Радищев в русских песнях видит выражение существа на­ционального характера. В немногих, по броских зарисовках Радищев воссоздает русский национальный характер, для кото­рого характерны широта, удаль, порывистость, отвага. В дру­гом своем сочинении — «Сокращенном повествовании о при­обретении Сибири» автор писал: «Твердость в предприятиях, не­утомимость в исполнении суть качества, отличающие народ Рос­сийский... О народ, к величию и славе рожденный, если они (качества эти. — Ю. Б.) обращены в тебе будут на снискание всего того, что сделать может блаженство общественное!»

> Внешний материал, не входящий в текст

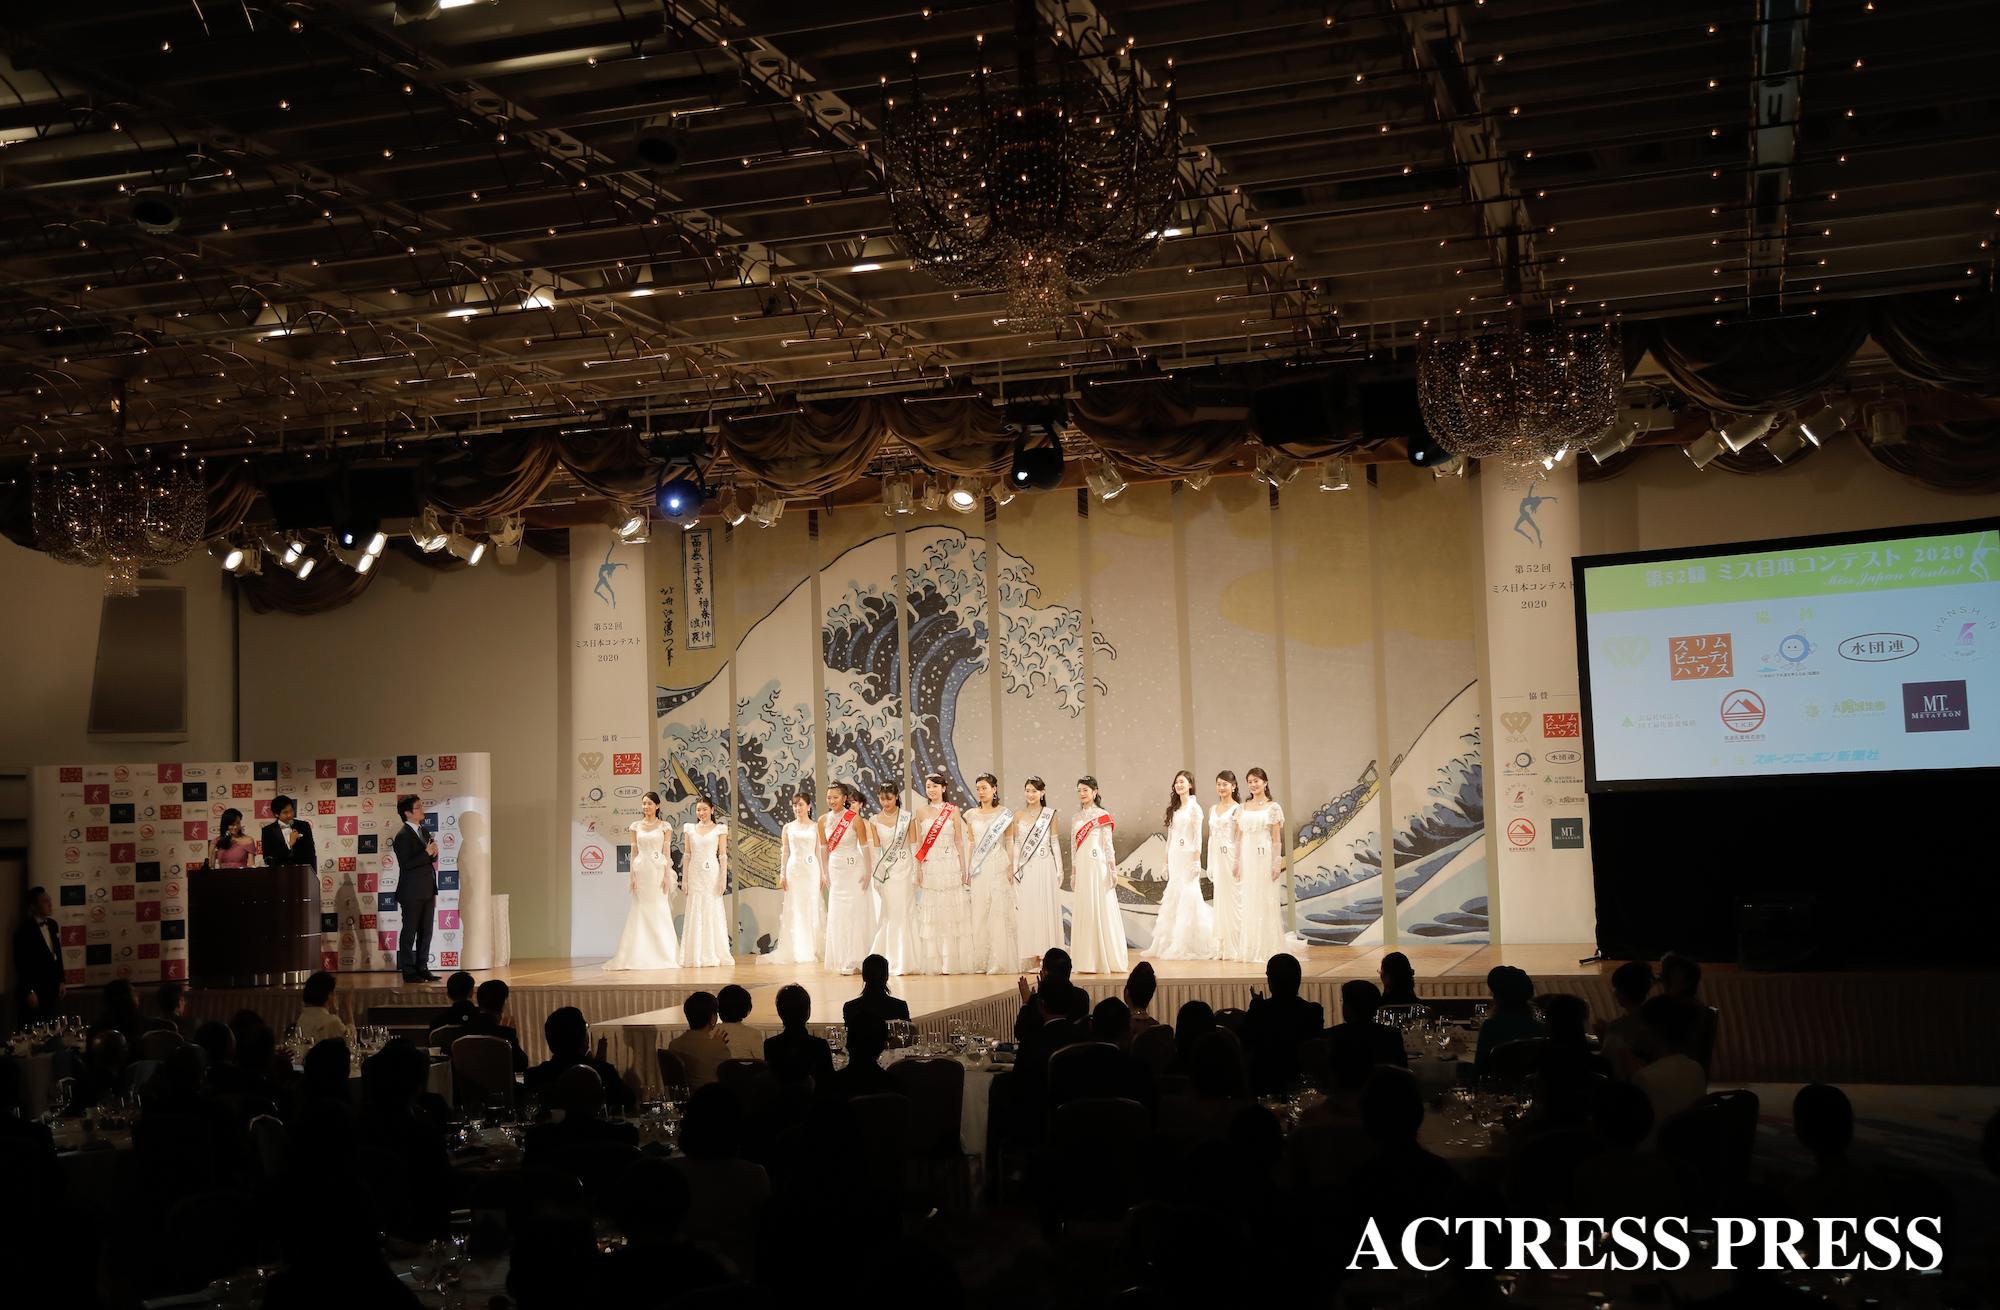 2020年1月20日(月)、『第52回ミス日本コンテスト2020』/撮影:ACTRESS PRESS編集部

Еще раз путешественник встречается с песней в конце своего путешествия. У ворот почтовой станции Клин слепой старик пел народную песню о печальной судьбе молодого человека, покинув­шего богатый отчий дом и превратившегося в нищего. Литератур­ный портрет слепого певца — калеки перехожего — дан в не­многих, но точных и выразительных словах: «Сребровидная его глава, замкнутые очи, вид спокойствия в лице его зримаго заставляли взирающих на певца предстоять ему со благоговением». Как бы продолжением характеристики певца служит рассказ о том впечатлении, которое произвело искусство исполнителя ду­ховного стиха на слушателей: «Неискусной хотя напев, но неж-постию изречения сопровождаемый, проницал в сердца его слушателей, лучше природе внемлющих, нежели взрощенные во благогласии уши жителей Москвы и Петербурга внемлют кудря­вому напеву Габриели, Маркези или Тоди1. Никто из предстоя­щих не остался без зыбления внутрь глубокаго, когда клинской певец, дошед до разлуки своего ироя, едва прерывающимся еже-мгновенно гласом изрекал свое повествование. Место, на коем были его очи, исполнилося иступающих из чувствительной от бед души слез, и потоки оных пролилися по ланитам воспеваю-щаго. О природа, колико ты властительна! Взирая на плачущаго старца, жены возрыдали; со уст юности отлетела сопутница ея улыбка; на лице отрочества явилась робость, неложный знак болезненнаго, но неизвестнаго чувствования; даже мужествен­ной возраст, к жестокости толико привыкший, вид восприял важности. О природа, — возопил я паки...

Сколь сладко неязвительное чувствование скорби! Колико сердце оно обновляет, и оного чувствительность. Я рыдал вслед за ямским собранием, и слезы мои были столь же для меня сла­достны, как исторгнутый из сердца Вертером... О мой друг, мой друг! почто и ты не зрел сея картины, ты бы прослезился со мною, и сладость взаимнаго чувствования была бы гораздо усладитель­нее» («Клин»).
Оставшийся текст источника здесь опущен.